The plaintiffs, approximately 1700 former airline pilots, initiated this action against defendant Pension Benefit Guaranty Corporation ("Corporation") under the Employment Retirement Income Security Act, 29 U.S.C. §§ 1001 –1461 (2012) ("ERISA"), asserting claims of breach of fiduciary duty, denial of benefits, and violations of the Administrative Procedure Act ("APA"), and seeking certain declaratory and injunctive relief. See generally First Amended Complaint ("Am. Compl.") ¶¶ 1–13, 63–156. Currently pending before the Court is the Pension Benefit Guaranty Corporation's Motion To Dismiss and To Strike ("Def.'s Mot."), in which the Corporation seeks to dismiss the plaintiffs' breach of fiduciary duty claim (Claim One), and to strike the plaintiffs' demands for attorney's fees and for a jury trial.1 Def.'s Mot. at 1. Upon consideration of the parties' submissions, the Court concludes that the Corporation's motion to dismiss Claim One of the Amended Complaint must be denied. However, the Court will grant the Corporation's motions to strike the attorney's fees and jury trial demands.2
The ERISA was enacted in part to "ensure that employees and their beneficiaries would not be deprived of anticipated retirement benefits by the termination of pension plans before sufficient funds [had] been accumulated in the plans." Pension Benefit Guar. Corp. v. R.A. Gray & Co., 467 U.S. 717, 720, 104 S.Ct. 2709, 81 L.Ed.2d 601 (1984). As part of this statutory goal, the ERISA created the Corporation—a component within the Department of Labor—to, inter alia, "provide for the timely and uninterrupted payment of pension benefits to participants and beneficiaries under plans to which this subchapter applies." 29 U.S.C. § 1302(a)(2). The Corporation "administers and enforces Title IV of [the] ERISA." Pension Benefit Guar. Corp. v. LTV Corp., 496 U.S. 633, 637, 110 S.Ct. 2668, 110 L.Ed.2d 579 (1990). As the Supreme Court explained:
When a plan covered under Title IV terminates with insufficient assets to satisfy its pension obligations to the employees, the [Corporation] becomes trustee of the plan, taking over the plan's assets and liabilities. The [Corporation] then uses the plan's assets to cover what it can of the benefit obligations. The [Corporation] then must add its own funds to ensure payment of most of the remaining "nonforfeitable" benefits, i.e., those benefits to which participants have earned entitlement under the plan terms as of the date of termination.

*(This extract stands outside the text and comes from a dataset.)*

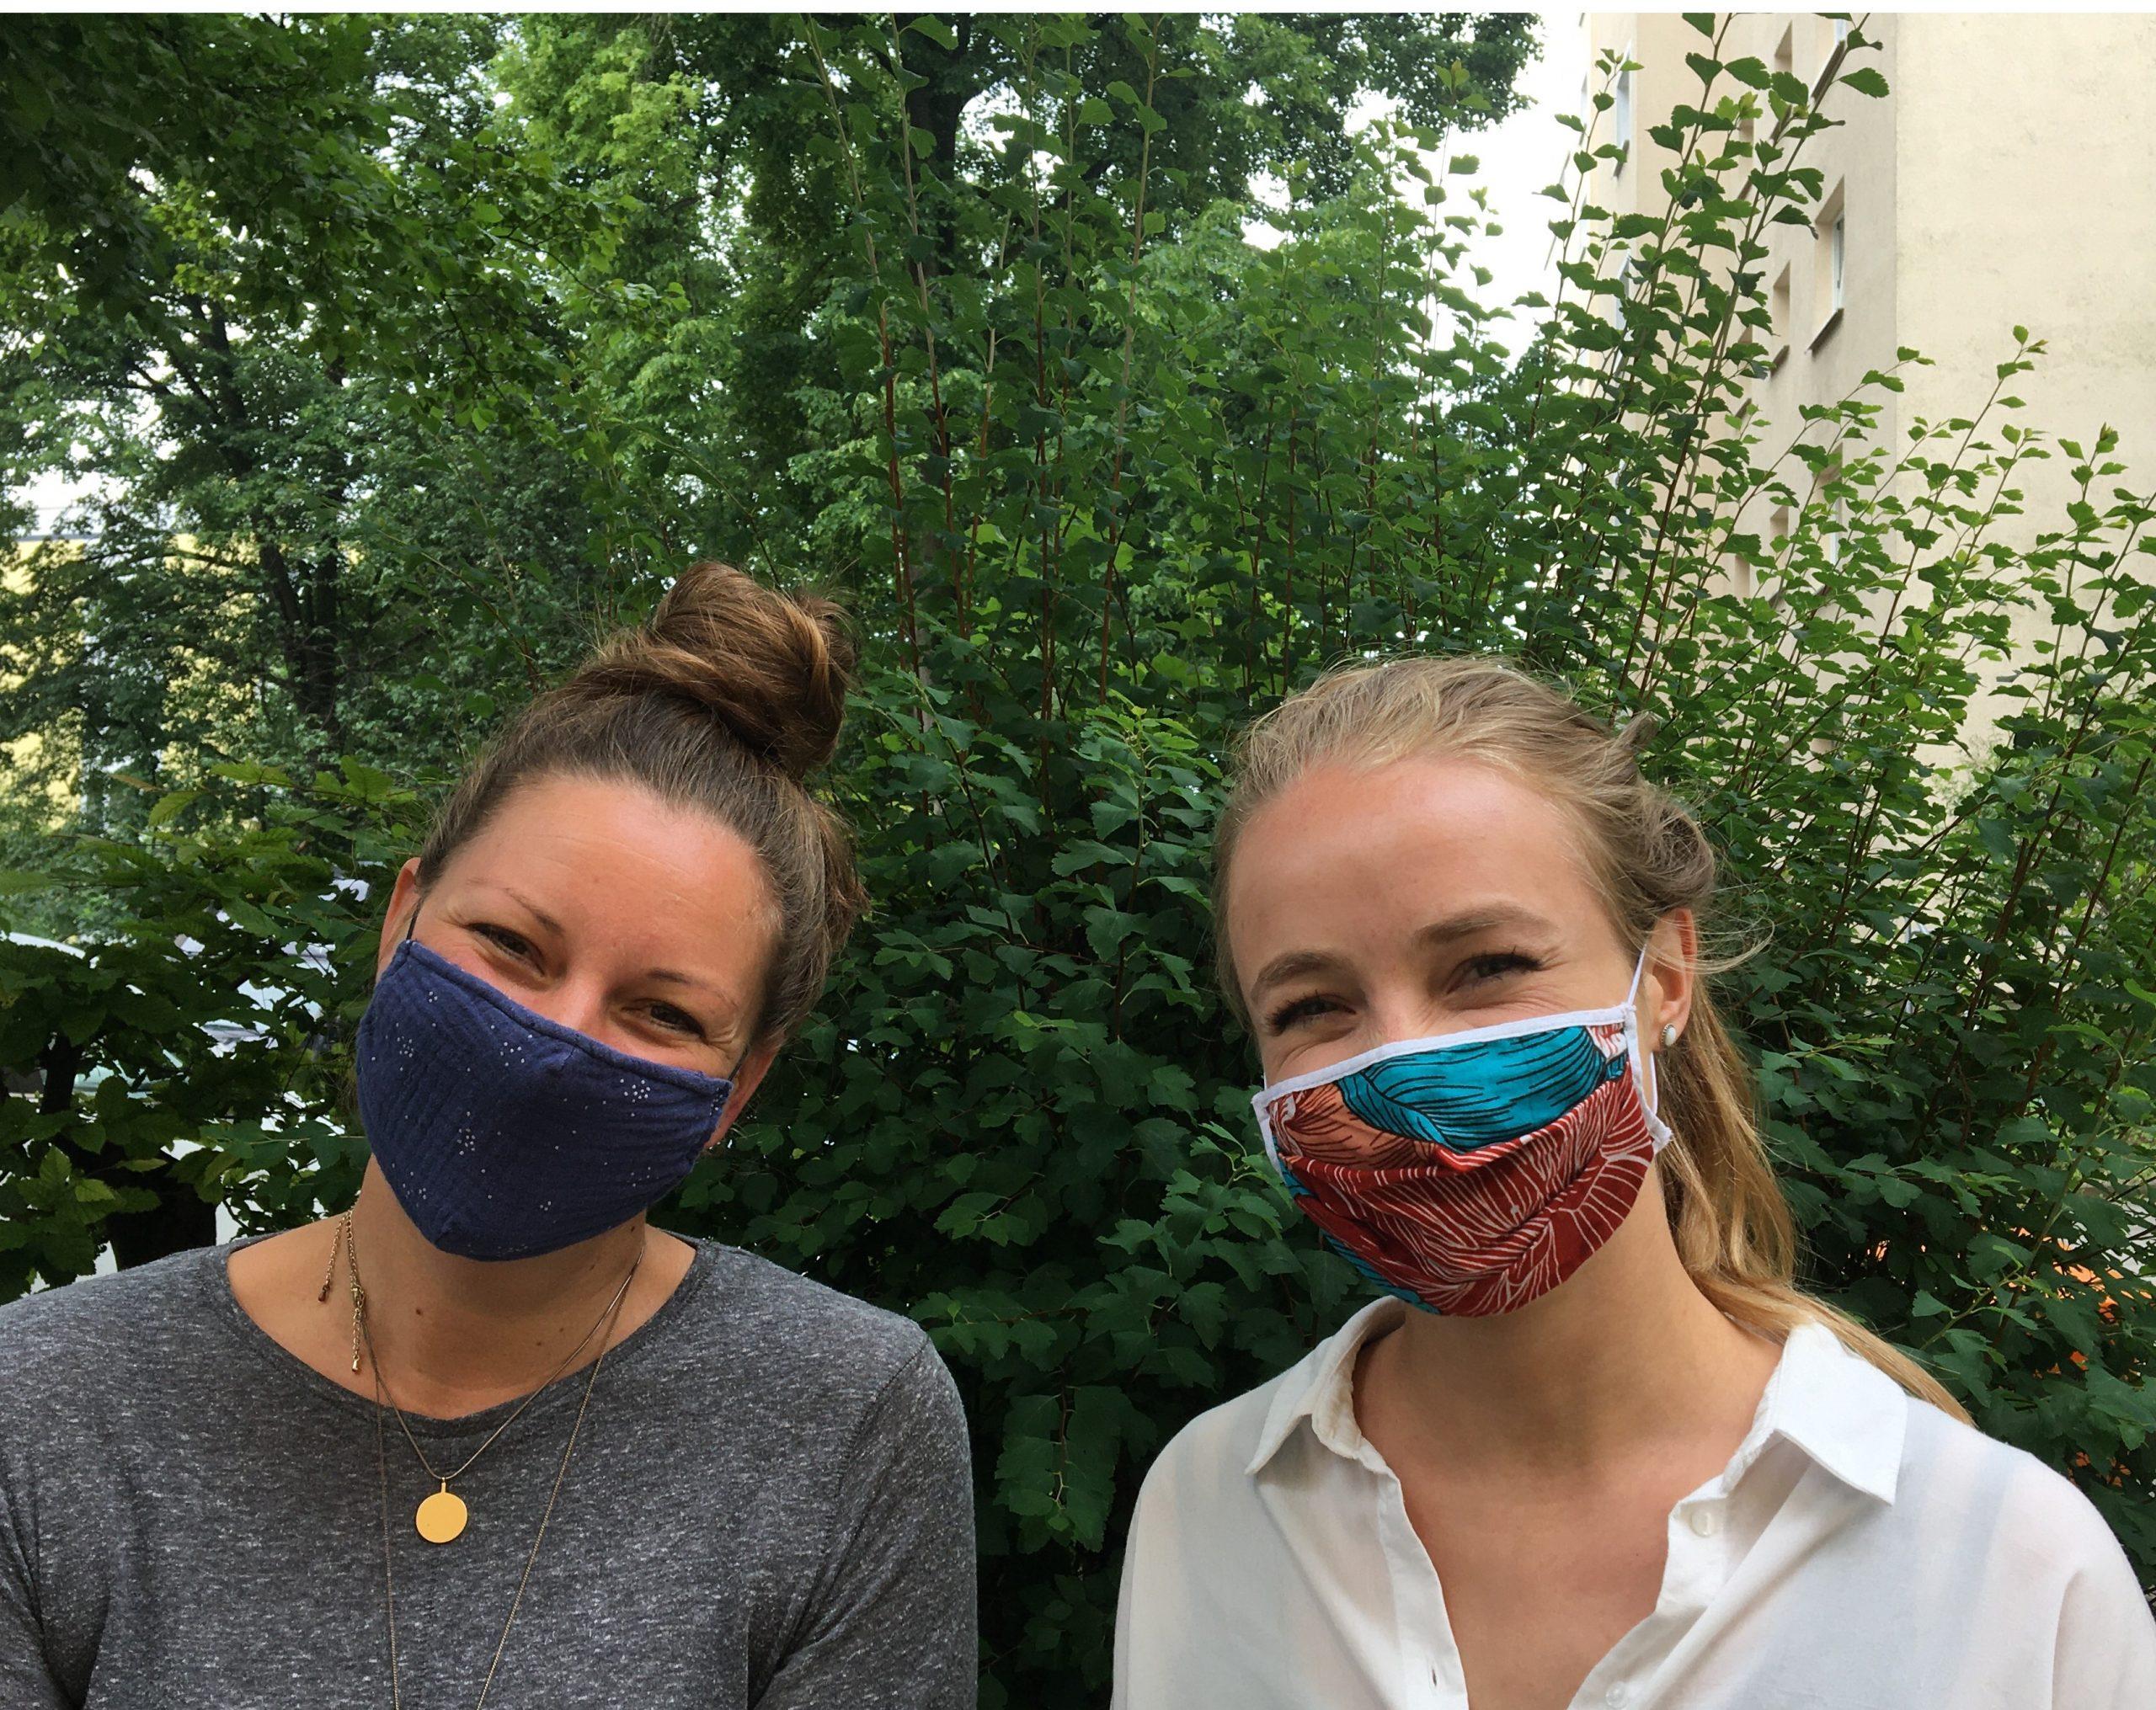 Nachbarschaftstreff Domagkpark: Treffleitungen Nicola Eggert und Sina Wörsdörfer
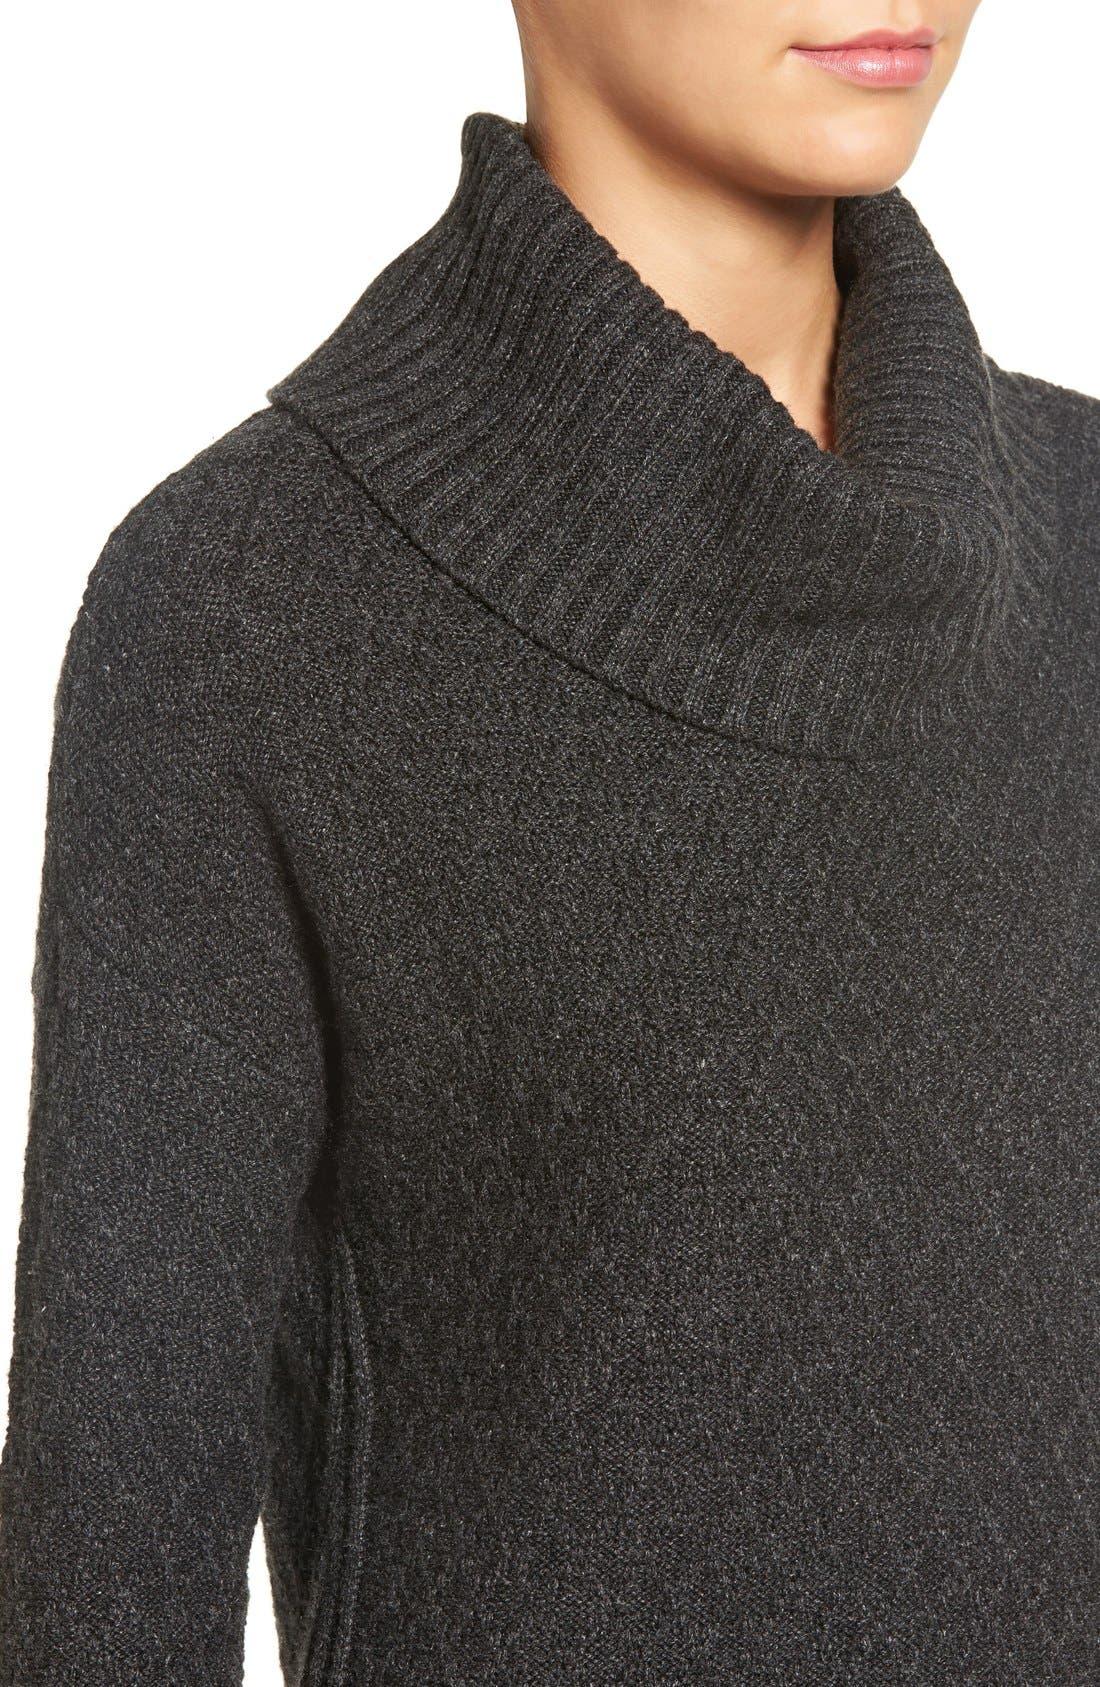 Alternate Image 4  - Treasure&Bond Turtleneck Sweater Dress

LTV Corp., 496 U.S. at 637, 110 S.Ct. 2668 (citing 29 U.S.C. §§ 1301, 1322, 1344 ).
This dispute originated with a September 2005 voluntary petition for bankruptcy filed by Delta Airlines, Inc. ("Delta"), which thereafter resulted in Delta not making contributions to the Delta Pilots Retirement Plan ("Plan"), a tax-qualified deferred benefit plan under the ERISA and the Internal Revenue Code. Am. Compl. ¶¶ 28, 30, 33. The plaintiffs, former Delta pilots (or their spouses or estate executors) are participants and beneficiaries under the Plan. Id.¶¶ 2, 29. Delta's post-bankruptcy negotiations with the pilots' union3 regarding the Plan's termination, id.¶ 33, yielded an agreement in which the union "would receive $650 million in notes and a $2.1 billion allowed general non-priority unsecured claim ..., which Delta and [the union] intended to be used to ‘replace unfunded benefits under the ... Plan by using the proceeds to fund follow-on retirement plans and other payments or distributions to [active] pilots," id.¶ 34 ( )(quoting Am. Compl., Exhibit ("Ex.") A, at 2).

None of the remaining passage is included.